# Should I stay or go??



## freshstarts (Sep 4, 2012)

Hello. I have been married to my husband for 12 years. We have an 11 year old daughter and a nearly 4 year old son. The past 10 years we have struggled in our relationship. My husband has a serious addiction to prescription pills. He has been to rehab twice and we have seperated a few times. However I feel very strong in my wedding vows. As well as I hate to bust up our family because of the pain the kids will go through. Not to mention I am terified of him being able to get my kids for visitation and what may happen to them while he is high. He always gets caught and its always the same story. I keep forgiving and trying. He keeps lying and taking money. It is now to a point that my daughter understands and knows when he comes home high as well. He tend s to be very angry with me and her only when he is high. She is always crying and telling me she hates him. I have tried crying being angry threatening and begging and get no where. I mean he usually does good for a few months then its back to the lies and going to doctors and buying and selling on the street. We have lost so much due to his drug issue. His own parents who love him very much cant even stand him. This summer he hurt his back again and went to doctor and its been down hill since. He is on morphine pills and hydrocodone that they prescribe him. He gets a prescription and within 24 hours half of that is gone. Then he gives them to me to give to him daily. Only then he goes and buys off the street. I'm terrified to leave because what about the kids being with him alone? i know it will not be good for him if he is on his own. But its to the point we are arguing over everything. I cant even say that I like him at this point. Even with all this I ask him last weeko put this all away and start over. We got a marriage counselor and he went to the counselor on Friday high and then stayed high saturday and sunday. The only thing he said was "I dont know why I did it, I am so sorry, I love you and the kids," oh and "You act like i am a horrible person but Im not..I love you and the kids" and should I mention over these years of his addiction, we have lost our house, truck, bussiness, and he even stole my jewlry and told me he could because we are married and my stuff is his stuff. I'm so confused and hurt and dont know what to do. I want to leave and be done but I am so scared of sharing the kids and what will happen to them with all this.


----------



## CH (May 18, 2010)

File if he won't get help. As for the kids being with him, if he's got a drug problem there is no way he's going to be able to see the kids.

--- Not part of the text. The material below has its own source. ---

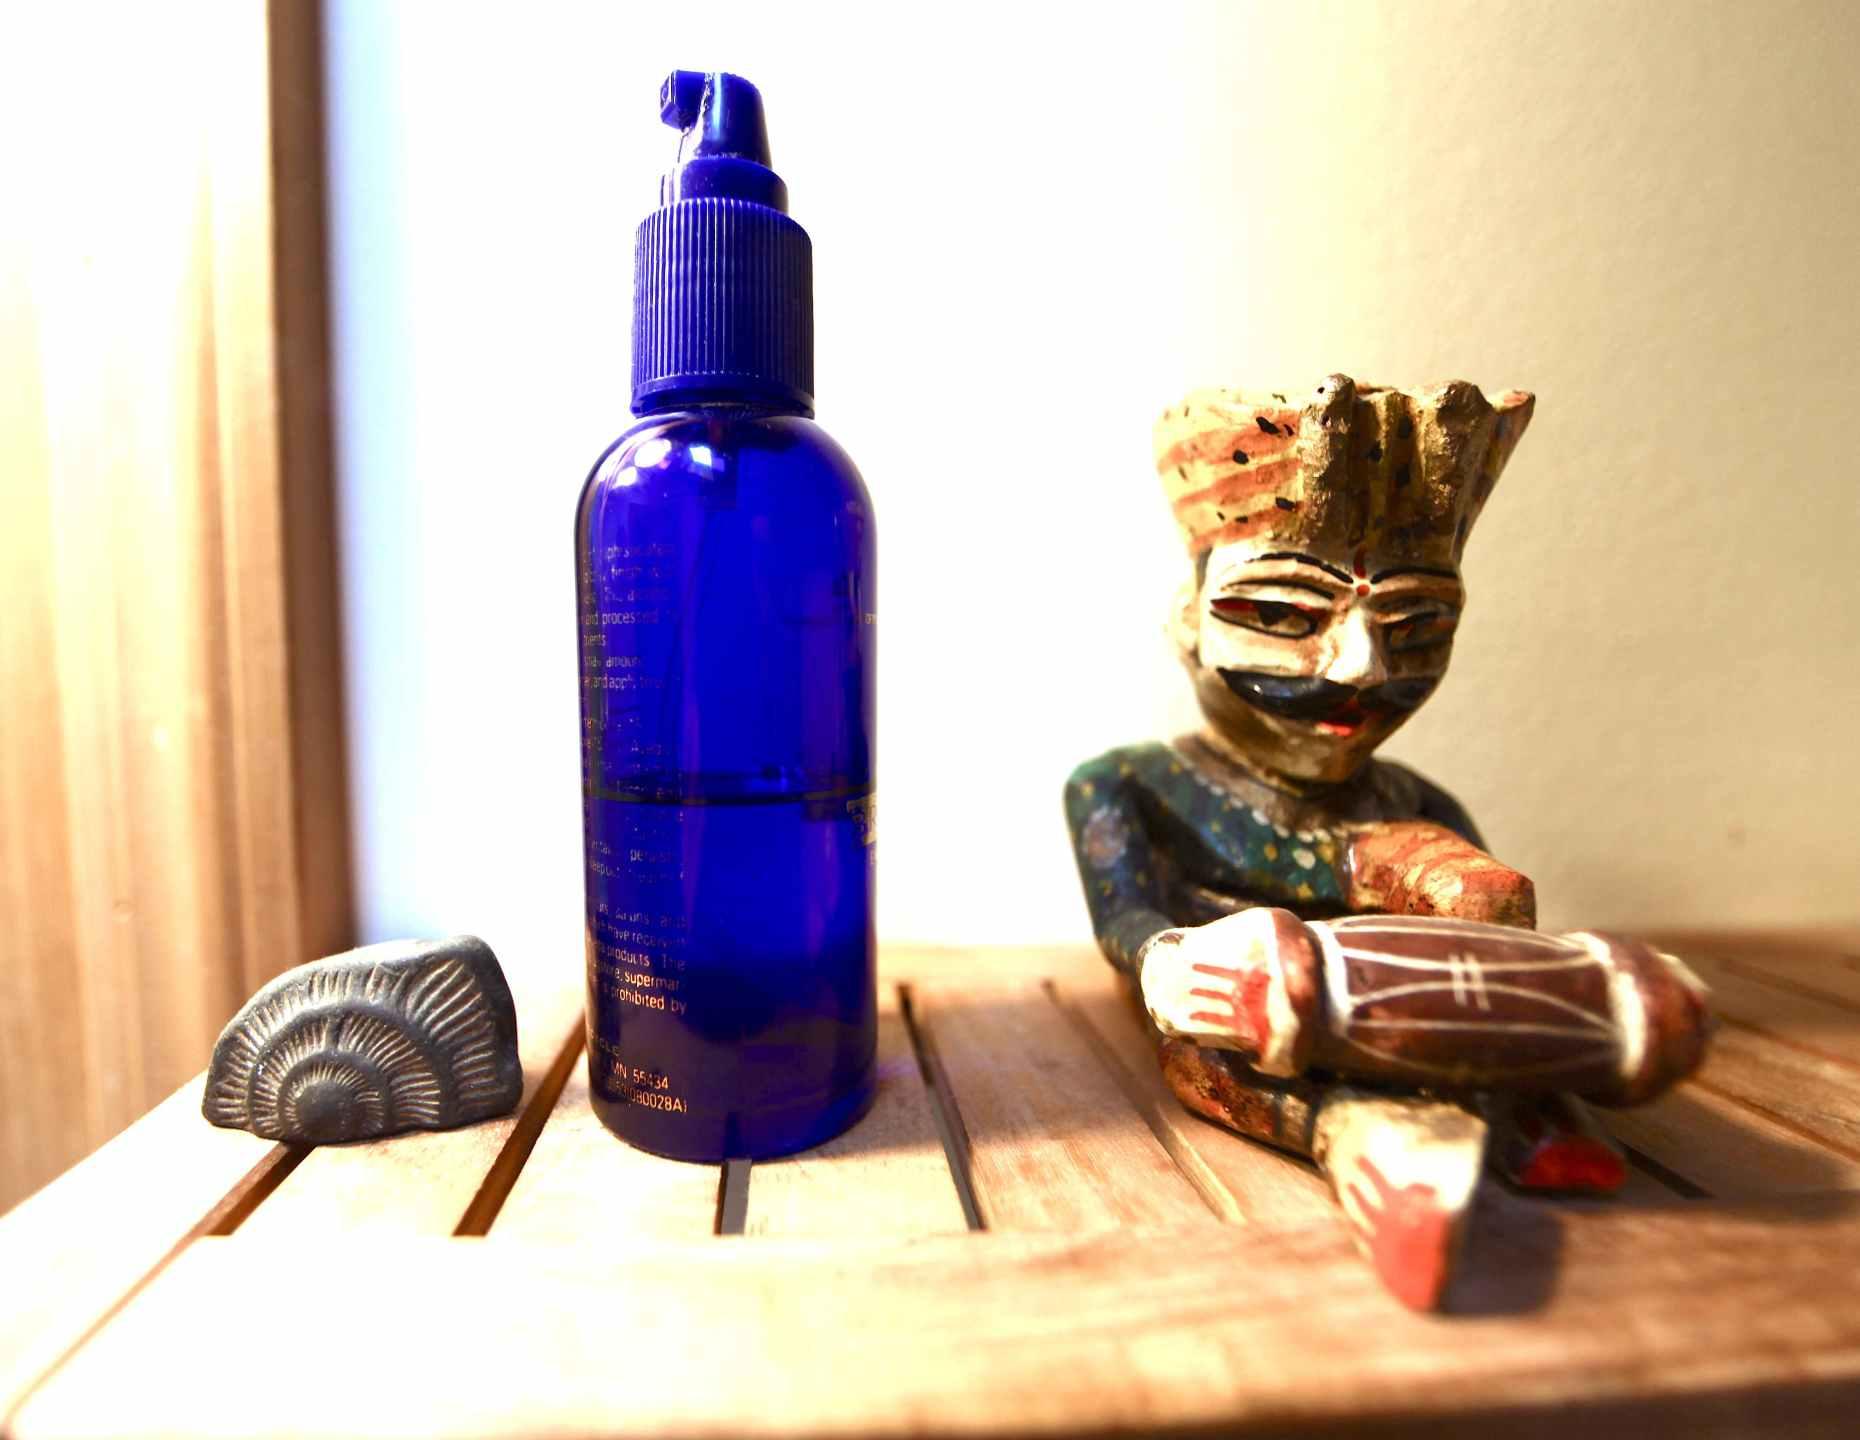 Our detangler bottle is an old Aveda bottle. Photo © Liesl Clark

Maybe this is what's needed to get him to clean up. If not then you've already given so much and he's shouldn't be your problem anymore. Your kids are your main concern right now.


----------



## SlowlyGettingWiser (Apr 7, 2012)

Telling you he loves you and the kids is MEANINGLESS. Words mean NOTHING. ACTION means EVERYTHING.

Leave him for the sake of your children. Your 11yo NOW recognizes when her father is stoned and is afraid of his temper. How long until your 4yo recognizes that your husband is stoned? Is THIS what you want them to see? To remember about their father? About their childhood?

Get the H*LL OUT. Get yourself some free/low-cost counseling. Get your daughter into AlAnon's teen program (or the equivalent). Get an attorney and explain your husband's problem; have your attorney work to ensure that your husband does NOT get to see your children EXCEPT under SUPERVISED conditions.

Do NOT worry about whether this is the 'come-to-Jesus' moment that makes him turn his life around. It doesn't matter. YOUR PLATE will be VERY FULL with caring for yourself and your precious children.

Good luck to you; let us know how it's going.


----------



## freshstarts (Sep 4, 2012)

I have talked with an attorney and unfortunatly for me they are saying UNTIL he gets caught with the kids with him doing the drugs, in a wreck, or arrested then I have to give him rights. I can prove he doctor shops and has been to rehabs but they said that doesnt count. She told me if I want to keep him from the kids my best bet is to stay married but seperated and then there is no law that says I have to give the kids to him. I so agree actions mean everything and words from him are nothing anymore. He keeps giving me sappy stories and crying and saying sorry but i so dont care anymore. I am so over him and this roller coaster of a marriage. I am still scared about the kids. And I am so sad of the pain they are enduring and are going to endure. All I ever wanted was for the kids to have a mom and dad together and be happy. I am going to talk to another attorney to make sure of my options but at this point I feel trapped.


----------